While she blames childhood trauma for planting the seeds of race appropriation, she at no point asks for forgiveness or attempts to justify her choices — but instead eviscerates her decisions and admits she has no idea how to move forward.

“Mental health issues likely explain why I assumed a false identity initially, as a youth, and why I continued and developed it for so long,” she writes. “When I was a teenager fleeing trauma, I could just run away to a new place and become a new person. But this isn’t trauma that anyone imposed on me, this is harm that I have enacted onto so many others. There is nowhere to run. I have ended the life I had no right to live in the first place.”

She has previously considered coming forward, but never found the strength.

“I am a coward,” she writes, and then repeats it. “You should absolutely cancel me, and I absolutely cancel myself.”

However, she doesn’t explain why she decided to finally tell the truth. A former friend of Krug’s and another professor charged that Krug only came forward because she had been found out and had started being confronted by others in her field.

Krug admits she doesn’t know where she can go from here.

“I don’t know how to fix this,” she goes on. “I don’t know what to build from here. I don’t know that it is possible to repair a single relationship I have with another person, living or dead, and I don’t believe I deserve the grace or kindness to do so.”

The entry, while a statement, is neither an admission nor an attempt at protecting her life and career, she said.

“This isn’t a confession, it isn’t a public relations move, and it damn sure isn’t a shield,” she concludes. “It is the truth, though.”

Krug, who has an apartment in Harlem, allegedly once went on a profanity-laden tirade at a City Council hearing, in which she spoke in a street accent and blasted New Yorkers who talked about the police in the wake of George Floyd’s death.

“You posin’ like you opposin’ them for your soundbites, for your social media, for your re-election campaigns,” said Krug, who was apparently using the name “Jess La Bombera.”

“Get the f— outta here, you’ve been supporting the cops in the pandemic,” she added in the video.
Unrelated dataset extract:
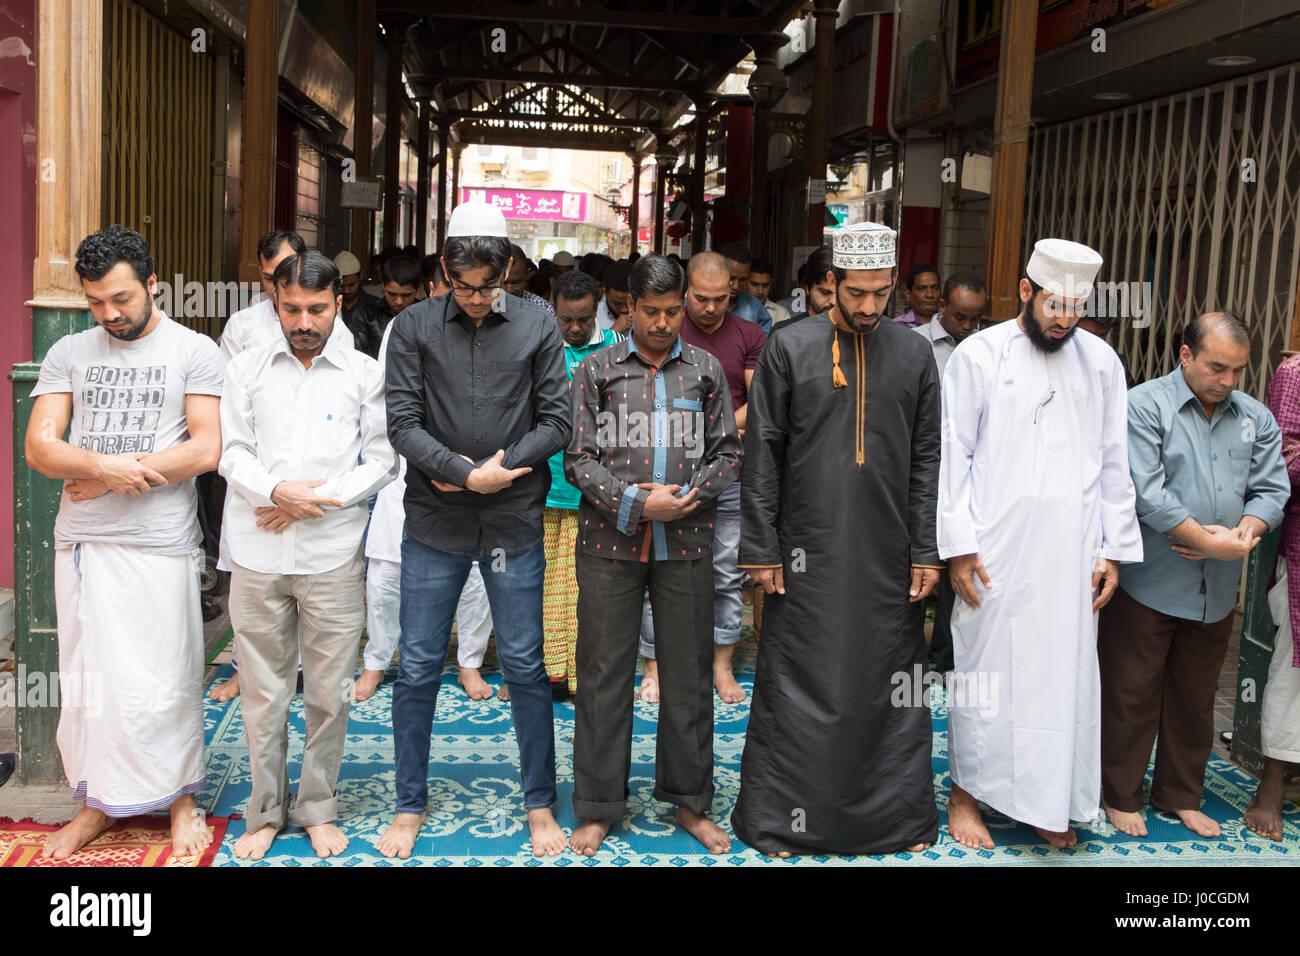 Les Arabes prier à la prière du vendredi. Photo Stock

The essay recalls Rachel Dolezal, the former president of the NAACP’s Spokane, Washington, office who rose to notoriety in 2015 after a local reporter revealed that she is white, despite long identifying as African American. A documentary was subsequently made about her life.

In July, Dolezal told The Post that she has received hundreds of “overwhelmingly positive messages” about her reputation amid the Black Lives Matter movement. “Most people I hear from are black or mixed or non-white in some way, and a lot of people have said, ‘This is your moment; you’re vindicated,’” she said.

Krug has not responded to The Post’s request for comment.